I think you misunderstood. Your computer requires Snow Leopard 10.6.6 or later. The retail Snow Leopard DVD installs 10.6.3. It cannot boot your model. Oh, and Snow Leopard is $29.00, not $40.00.
Anyway, here's what you can do:
How To Run Snow Leopard On A New Mac
This does not apply to new Mac Minis or MacBook Airs. When newer models are introduced that also require Lion for hardware support, the techniques described below will no longer work with the possible exception of using Parallels 7.
What has to be done:
- Create a new partition on the hard drive.
- Get a clone of a 10.6.8 Snow Leopard system. Put the cloned Snow Leopard system onto the new partition.
- In your case rather than installing onto a partition on your hard drive, just install it on your external hard drive.
Step One: Create a new partition on the hard drive
To resize the drive and create a new partition do the following:
1. Restart the computer and after the chime press and hold down the COMMAND and R keys until the menu screen appears. Alternatively, restart the computer and after the chime press and hold down the OPTION key until the boot manager screen appears. Select the Recovery HD and click on the downward pointing arrow button.

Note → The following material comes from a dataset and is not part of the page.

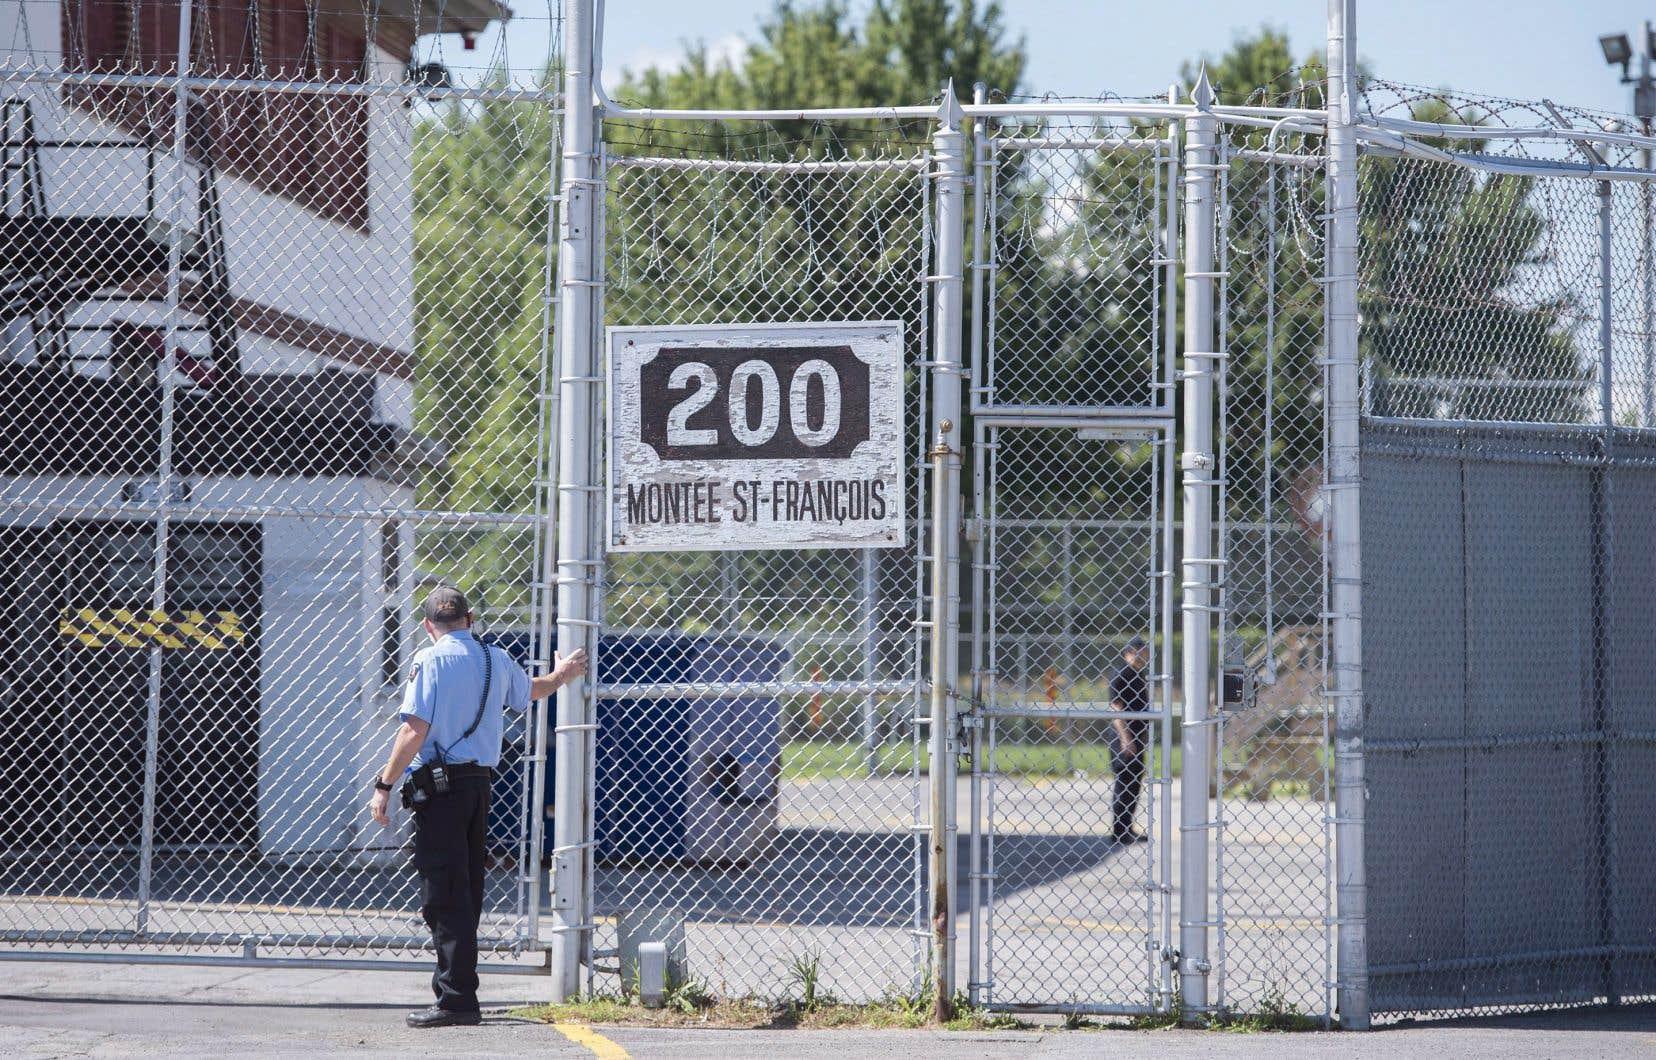 L'homme est détenu à Laval depuis le 26 juillet, les autorités craignant sa fuite.
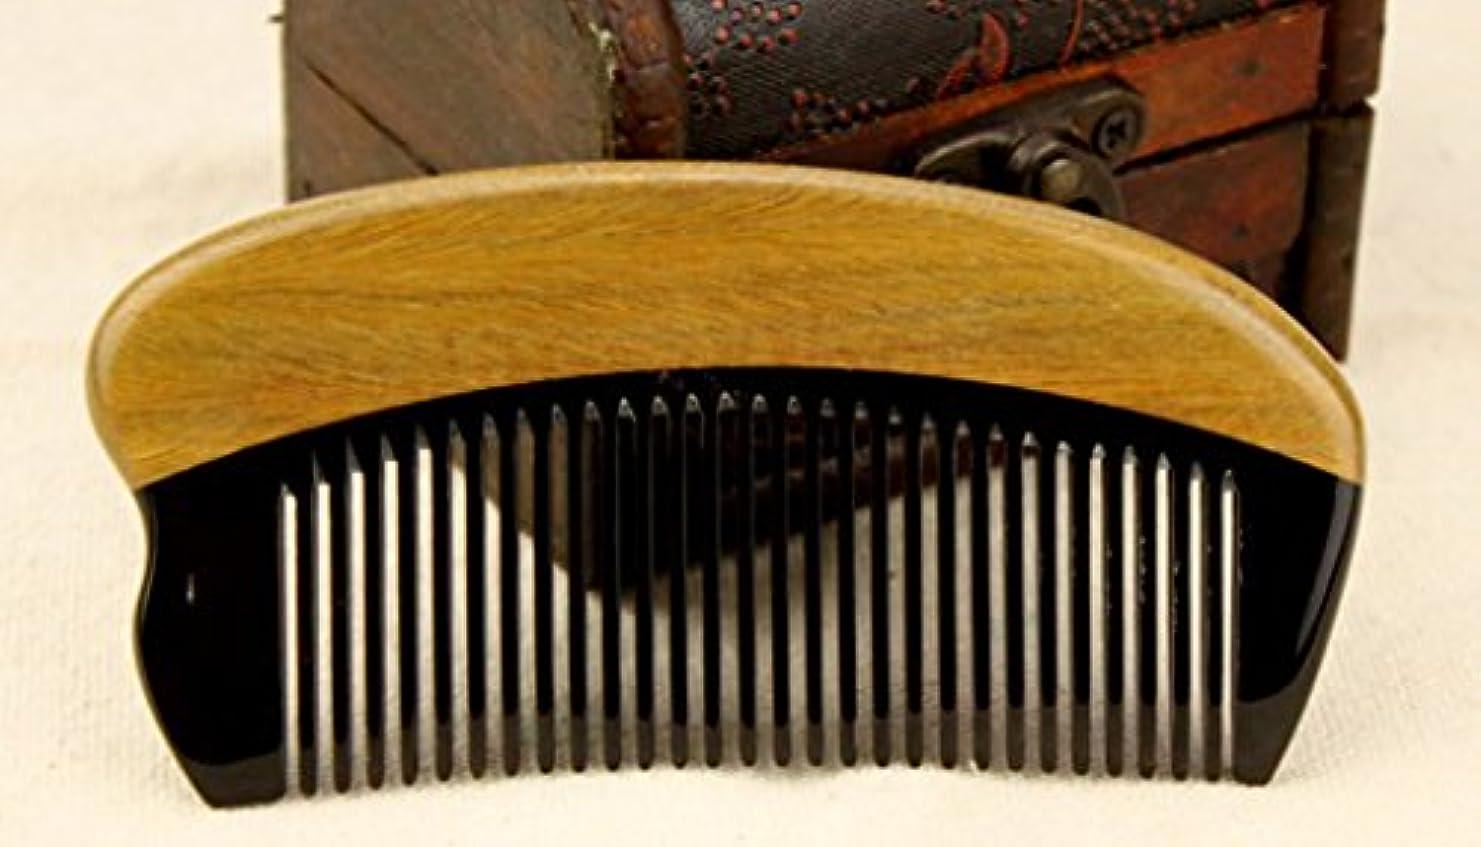 巨大ごみ八百屋櫛型 緑檀木 プロも使う牛角かっさプレート マサージ用 血行改善 高級 天然 静電気 防止 美髪美顔 敬老の日

After the main menu appears select Disk Utility and click on the Continue button. Select the hard drive's main entry then click on the Partition tab in the DU main window.
2. You should see the graphical sizing window showing the existing partitions. A portion may appear as a blue rectangle representing the used space on a partition.
3. In the lower right corner of the sizing rectangle for each partition is a resizing gadget. Select it with the mouse and move the bottom of the rectangle upwards until you have reduced the existing partition enough to create the desired new volume's size. The space below the resized partition will appear gray. Click on the Apply button and wait until the process has completed. (Note: You can only make a partition smaller in order to create new free space.)
4. Click on the [+] button below the sizing window to add a new partition in the gray space you freed up. Give the new volume a name, if you wish, then click on the Apply button. Wait until the process has completed.
You should now have a new volume on the drive.
It would be wise to have a backup of your current system as resizing is not necessarily free of risk for data loss. Your drive must have sufficient contiguous free space for this process to work.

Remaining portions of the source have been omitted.